Problem description: Leave every picture out, then reproduce the rest of the listing exactly.

-- Supplied information follows --

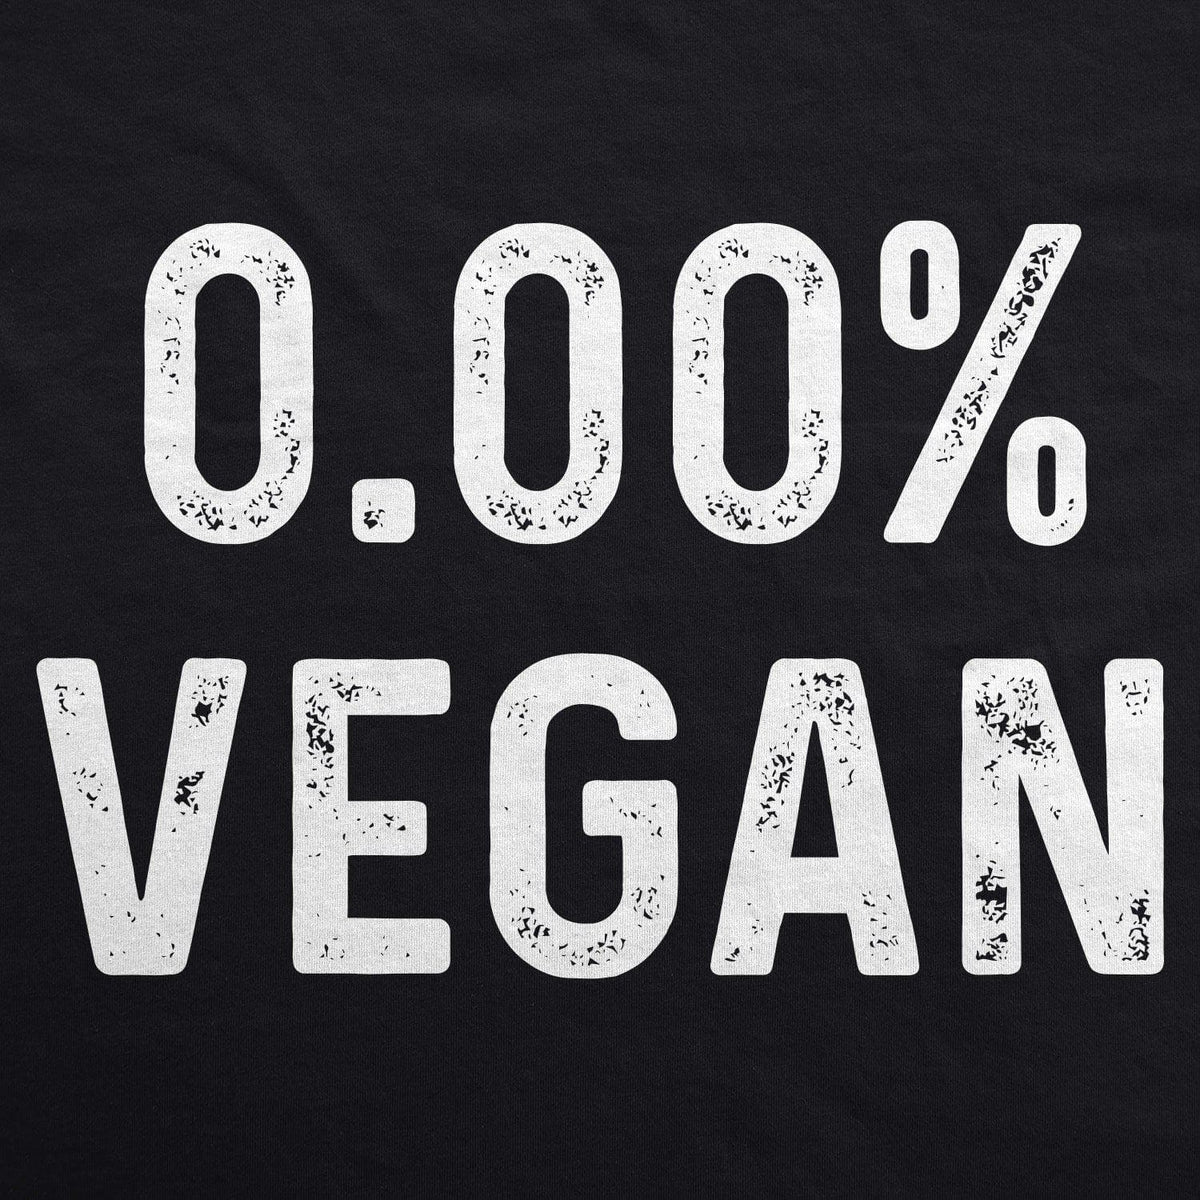 0.00% Vegan Cookout Apron - Crazy Dog T-Shirts
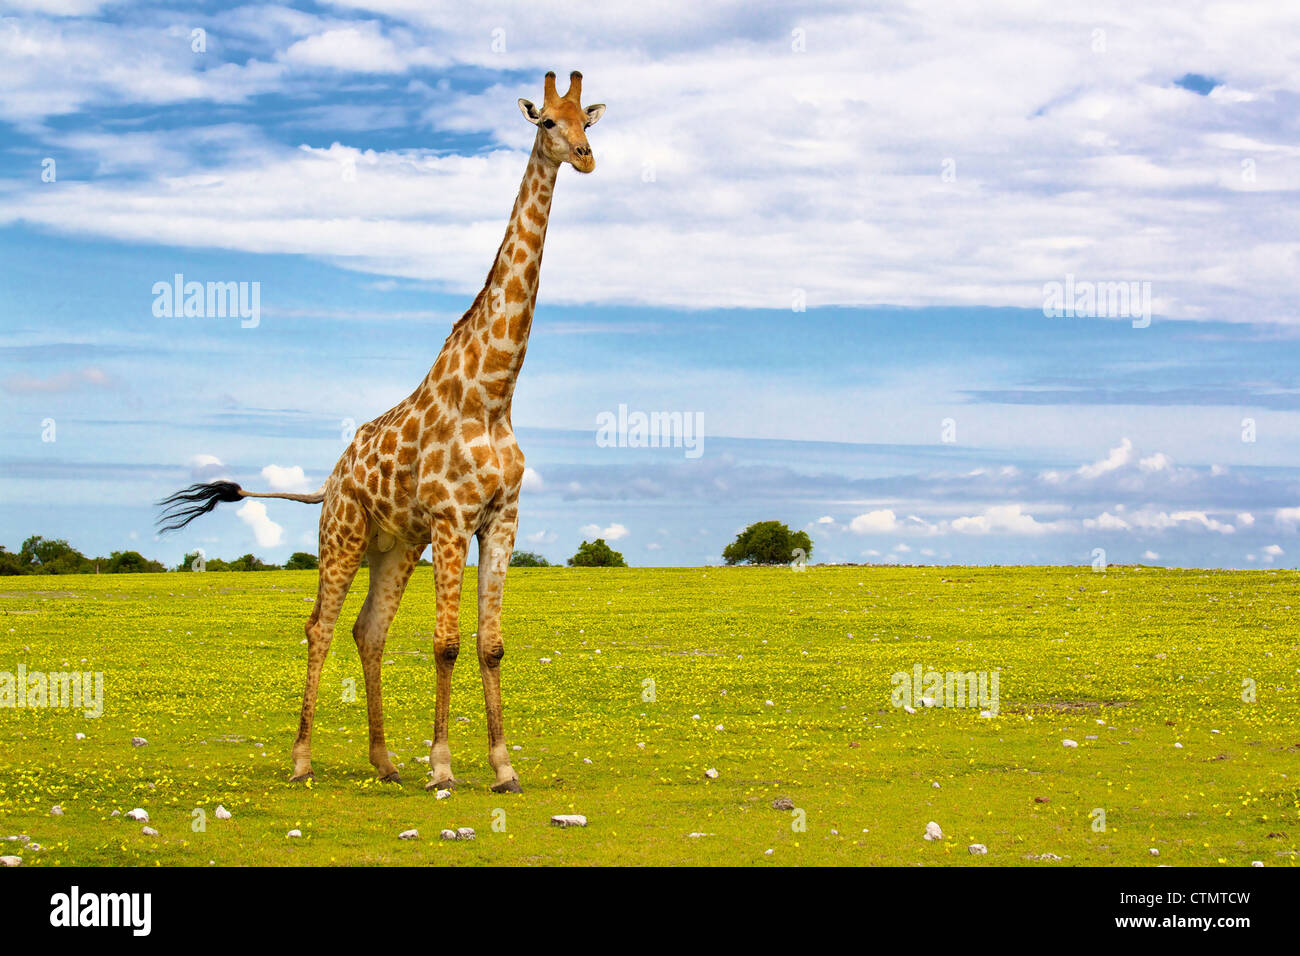 Une vue sur toute la longueur d'une girafe, Etosha National Park, Etosha, Namibie Banque D'Images
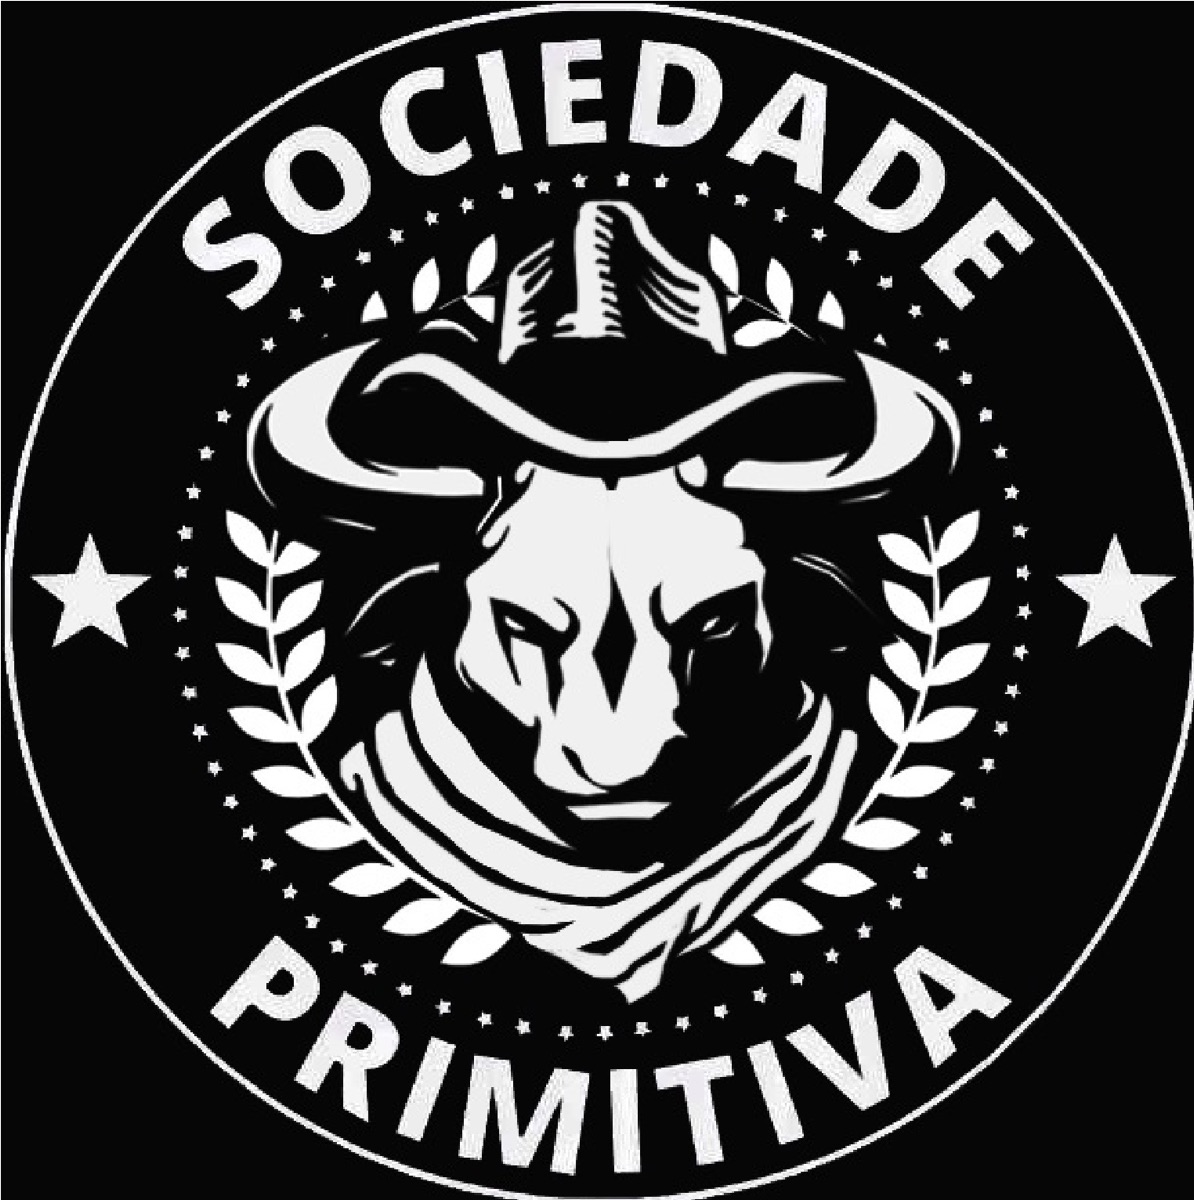 sociedade-primitiva-podcast-podtail

-- Supplied information concluded --

Answer to this problem:
 0.00% Vegan Cookout Apron - Crazy Dog T-Shirts
 Une vue sur toute la longueur d'une girafe, Etosha National Park, Etosha, Namibie Banque D'Images
 sociedade-primitiva-podcast-podtail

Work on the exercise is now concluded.